Parentage analyses were performed to identify the relative contribution of individual trees to regeneration, and to assess the effect of dispersal on the genetic diversity in the control and in the treatment plot. All sexed and not sexed trees with diameter at breast height >20 cm at the date of controlled logging were used as potential parents (direct observations performed in 2005 on the whole Paracou inventory site showed that the absolute minimum flowering diameter was 15 cm for male trees and 20 cm for females; Toebosch, unpublished). Parentage analyses were performed using FaMoz (Gerber et al. 2003), with typing error rate set to 0.001 for both limit of detection (LOD) calculation and simulations, the same three levels of inbreeding coefficient F (−0.1, 0, 0.1) used for the spatial autocorrelation of kinship estimates, and using all samples, including those with missing data. Simulations were first performed to assess the power and accuracy of the test, and then parentage analyses were run on the empirical sapling dataset to identify the most likely parent pair for each sapling. A parent pair was assigned to a seedling when the ΔLOD relative to the second most likely parent pair was higher than 3.0. Parent pairs with incompatible sexes (two males or two females) were not retained; unsexed trees were always retained as parent when significant. Parent pair analyses were preferred over single-parent analyses because parent identification was unclear in the latter case (i.e. ΔLODs were generally small), although it provided a larger number of potential parents.

3 Results

Spatial autocorrelation analyses were run for three values of the inbreeding coefficient F. Given that no difference was observed between inbreeding levels, only the results for F = 0 are shown here. Large differences could be observed between the autocorrelograms of the treatment and the control plot (Fig. 2): the treatment plot (Fig. 2a) showed positive autocorrelation up to around 80 m and negative farther than 100 m, and a generally monotonically declining curve, with a highly significant slope (log-log b = −0.02, P value <0.0001; Sp = 0.028). The control plot (Fig. 2b) also showed a globally negative slope (log-log b = −0.01, P value <0.0001; Sp = 0.013), but with positive kinship values across the range, a convex curve, above-average significant values within 50 m, under-average significant values between 100 and 150 m, and non-significant values beyond that distance. Differences between the two autocorrelograms were significant (Omega = 40.7, P = 0.01)

Fig. 2
figure 2

Spatial autocorrelation for kinship in sapling cohorts in a the treatment plot (P9) and b the control plot (P11). Distance—mean distance for pairs within each distance class. Dashed lines represent the upper (97.5 %) and lower (2.5 %) bounds of the neutral distribution as obtained by 1000 permutations

To visualise the spatial structure underlying these patterns, an automated Bayesian analysis was run to infer clusters of genetically related saplings. Since the results obtained with and without prior spatial information were qualitatively similar, only the analysis with prior spatial information is described here. The most likely partition (P = 0.94) involved 14 clusters (Electronic Supplementary Material 2). Individuals belonging to the same cluster were visually aggregated. The pattern appeared to be similar for the treatment and the control plot, but the number of groups occurring in the two plots differed: 12 clusters out of 14 occurred in the treatment population (plot P9), while only 8 appeared in the control population (plot P11). Two clusters were restricted to plot P11 (one of which made of a single individual), and six to plot P9 (one of which made of a single individual).

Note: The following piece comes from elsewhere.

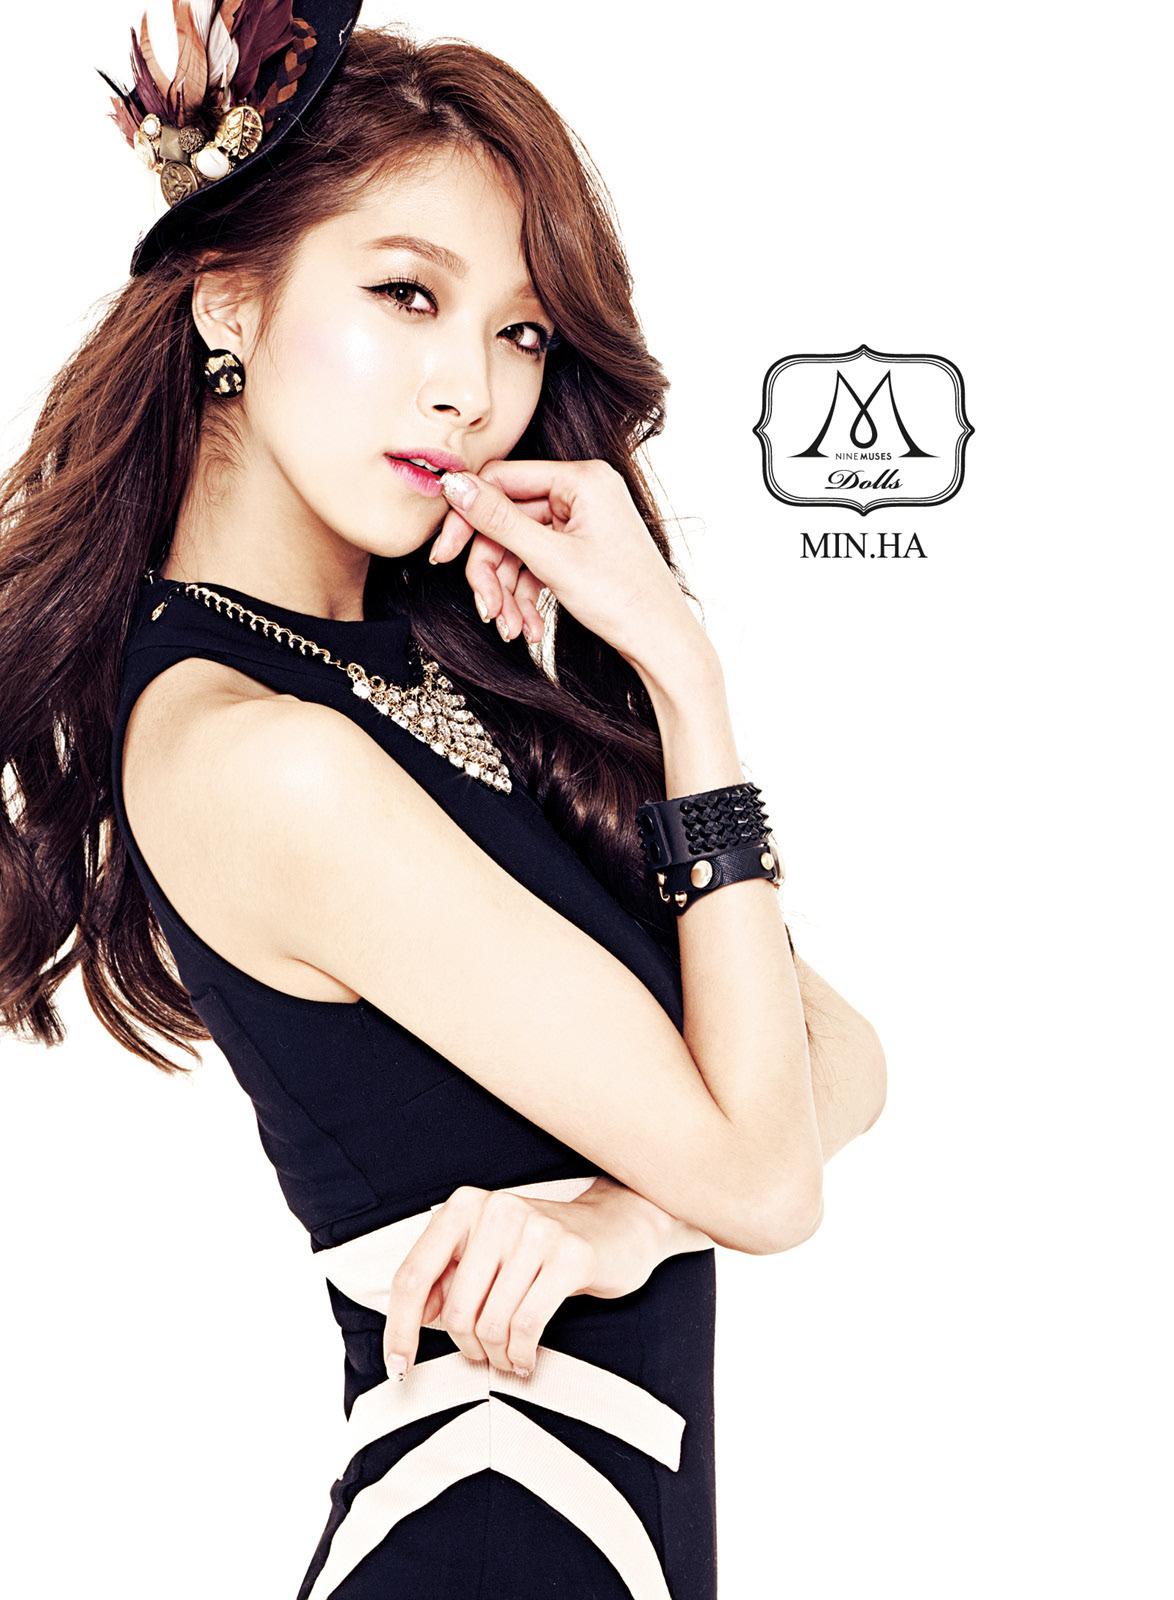 Park Minha Android/iPhone Wallpaper #22682 - Asiachan KPOP

Parentage analyses were performed to identify patterns of seed dispersal. Simulation tests showed that, conditional on sampled parental genotypes, parenthood was correctly identified (i.e. the most likely parents and parent pairs were the correct ones) for 88 to 100 % of the simulated progeny arrays (out of 5000 simulated offspring genotypes and over three values of inbreeding coefficient F (−0.1, 0, 0.1)). A parent pair was identified among the 77 genotyped mature trees for 217 saplings out of 383 (57 %). At least one parent was found within the study plots for 57 saplings out of 383 (15 %), and both parents were found within the plots for one of them. Of these 57 saplings, 47 had their second parent in the neighbourhood of the study plots (<300 m apart); 110 additional saplings had at least one parent in the same neighbourhood. Twenty-seven putatively mature trees, out of the 77 trees sampled, appeared in identified parent pairs. Six trees of both sexes contributed individually more than 5 % of the offspring and 84 % cumulatively (Table 1). The best contributor (which could not be sexed; 27 % of the total parenthood) was in the neighbourhood of the study area, while the only contributor tree inside the study area was a female having contributed 14 % of the saplings (Table 1). Seedlings derived from all six parents were found scattered throughout the study area (Electronic Supplementary Material 3), with no particular trend for clumped distributions. Nevertheless, Bayesian clusters, which are non-randomly distributed (see above), had partially non-overlapping sets of potential parents. Differences in the composition of the putative parent pool were inspected for clusters for which at least 20 parents could be identified (Electronic Supplementary Material 4, Table 1 and Fig. 3). The proportions of parental contributions to the largest cluster (cluster 13) were not statistically different from those of the remaining five clusters included in this analysis, while the proportions of all other clusters statistically differed from each other at the 5 % statistical threshold (Table 1).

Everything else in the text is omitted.